Alen Mrzlečki

Personal information
- Full name: Alen Mrzlečki
- Date of birth: 13 May 1974 (age 52)
- Place of birth: Bjelovar, SFR Yugoslavia
- Height: 1.91 m (6 ft 3 in)
- Position: Defender

Senior career*
- Years: Team / Apps / (Gls)
- 1995–1998: Mladost 127 / 78 / (8)
- 1998–1999: Hajduk Split / 15 / (1)
- 1999–2000: Šibenik / 33 / (0)
- 2001: Harelbeke / 15 / (1)
- 2001–2002: Lokeren / 0 / (0)
- 2002–2003: KV Mechelen / 11 / (0)
- 2003–2004: Bjelovar / 21 / (0)
- 2006–2007: NK Pitomača
- 2007–2011: Vrbovec / 127 / (9)
- 2011–2012: Bjelovar / 28 / (1)
- 2012–2014: Croatia Grabrovnica

Managerial career
- 2015-2016: Croatia Grabrovnica
- 2016-2017: NK Pitomača
- 2017-2018: Bjelovar
- 2018-2021: Bjelovar (youth)

= Alen Mrzlečki =

Croatian footballer

Alen Mrzlečki (born 13 May 1974, in Bjelovar) is a Croatian football manager and retired player who last played for NK Bjelovar.

==Club career==
Mrzlečki started his career at Mladost 2014, then played for Hajduk and Šibenik.
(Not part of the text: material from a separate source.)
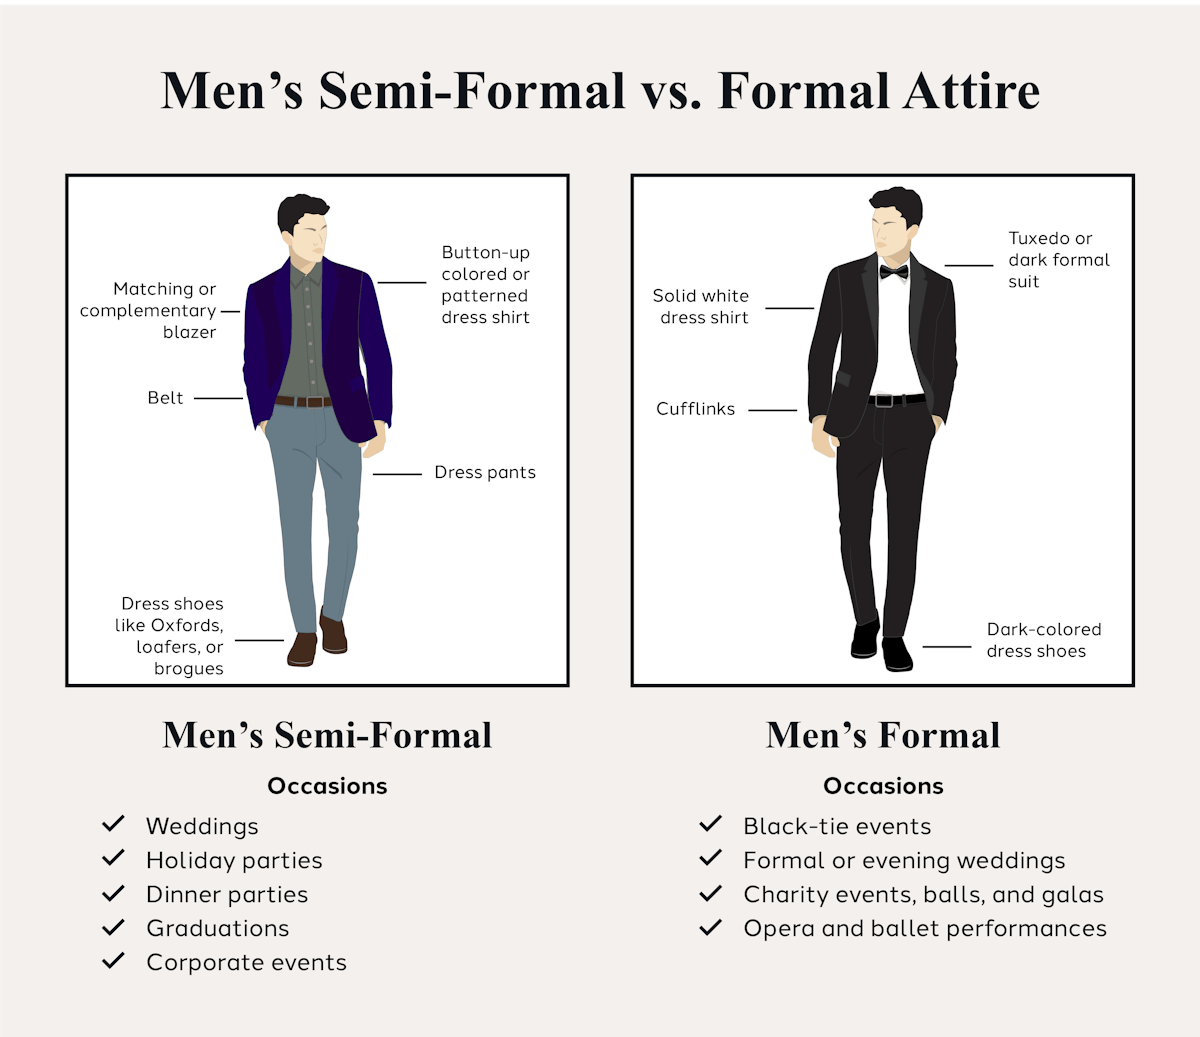 Men’s semi-formal vs formal attire
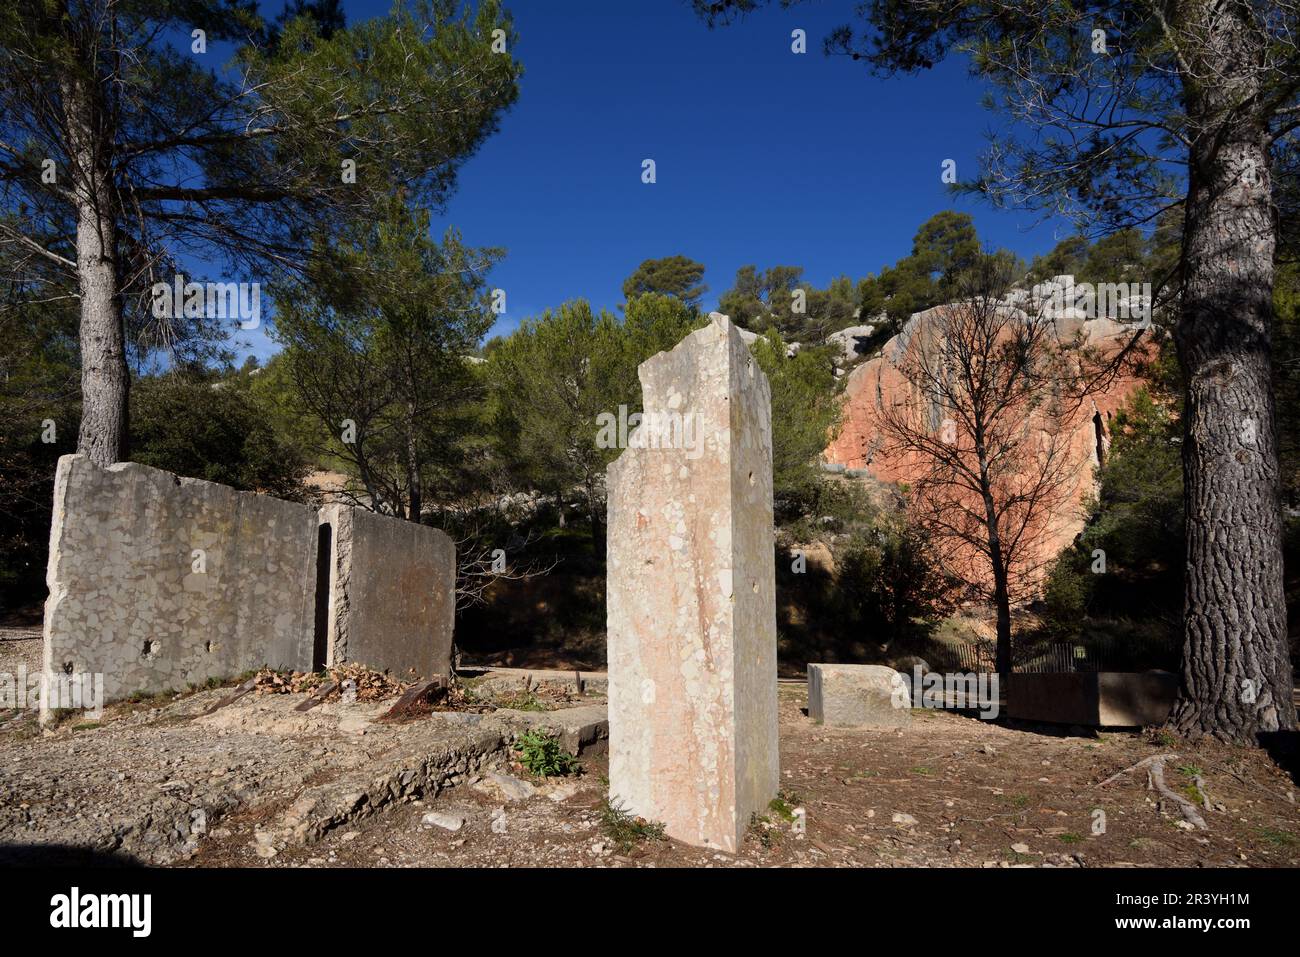 Carrière de marbre abandonnée avec bloc de marbre coupé ou roche à Vallon du Marbre, ou Vallée de marbre, montagne Sainte-victoire Provence France Banque D'Images

He spent several years abroad playing for Belgian clubs Harelbeke, Lokeren, Mechelen, and upon his return to Croatia he played again for Bjelovar, Pitomača and Vrbovec. He ended his playing career in 2011 with a game in Suhopolje.

==Managerial career==
Mrzlečki was dismissed as manager of hometown club Bjelovar in October 2018. In November 2021 he was relieved of his duties again by the club, this time while in charge of the club's junior team.

==Personal life==
Mrzlečki has been married to TV presenter Marta Šimić since 2000 and the couple have a son named Adam and live between Bjelovar and Zagreb.